Petitioner had willfully caused injury to respondent in a manner which is contrary to morals and good customs.
Her firmness and resolve to find her missing jewelry cannot justify her acts toward respondent. She did not act
with justice and good faith for apparently, she had no other purpose in mind but to prejudice respondent.

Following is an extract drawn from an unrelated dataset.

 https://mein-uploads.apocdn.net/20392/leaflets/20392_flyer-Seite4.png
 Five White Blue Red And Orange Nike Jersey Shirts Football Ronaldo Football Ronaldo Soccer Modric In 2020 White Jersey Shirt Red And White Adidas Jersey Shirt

Certainly, petitioner transgressed the provisions of Article 19 in relation to Article 21 for which she should be
held accountable.
Owing to the rule that great weight and even finality is given to factual conclusions of the Court of Appeals
which affirm those of the trial court,18 we sustain the findings of the trial court and the appellate court that
respondents claim for actual damages has not been substantiated with satisfactory evidence during the trial
and must therefore be denied. To be recoverable, actual damages must be duly proved with reasonable
degree of certainty and the courts cannot rely on speculation, conjecture or guesswork.19
Respondent, however, is clearly entitled to an award of moral damages. Moral damages may be awarded
whenever the defendants wrongful act or omission is the proximate cause of the plaintiffs physical suffering,
mental anguish, fright, serious anxiety, besmirched reputation, wounded feelings, moral shock, social

humiliation, and similar injury20 in the cases specified or analogous to those provided in Article 2219 of the Civil
Code.21Though no proof of pecuniary loss is necessary in order that moral damages may be adjudicated,
courts are mandated to take into account all the circumstances obtaining in the case and assess damages
according to their discretion.22 Worthy of note is that moral damages are not awarded to penalize the
defendant,23 or to enrich a complainant, but to enable the latter to obtain means, diversions or amusements
that will serve to alleviate the moral suffering he has undergone, by reason of defendants culpable action. In
any case, award of moral damages must be proportionate to the sufferings inflicted.24
Based on the foregoing jurisprudential pronouncements, we rule that the appellate court did not err in awarding
moral damages. Considering respondents social standing, and the fact that her profession is based primarily
on trust reposed in her by her clients, the seriousness of the imputations made by petitioner has greatly
tarnished her reputation and will in one way or the other, affect her future dealings with her clients, the award
ofP100,000.00 as moral damages appears to be a fair and reasonable assessment of respondents damages.
WHEREFORE, the instant Petition is DENIED. Costs against petitioner.
SO ORDERED.
Puno, Austria-Martinez*, Callejo, Sr., and Chico-Nazario, JJ., concur.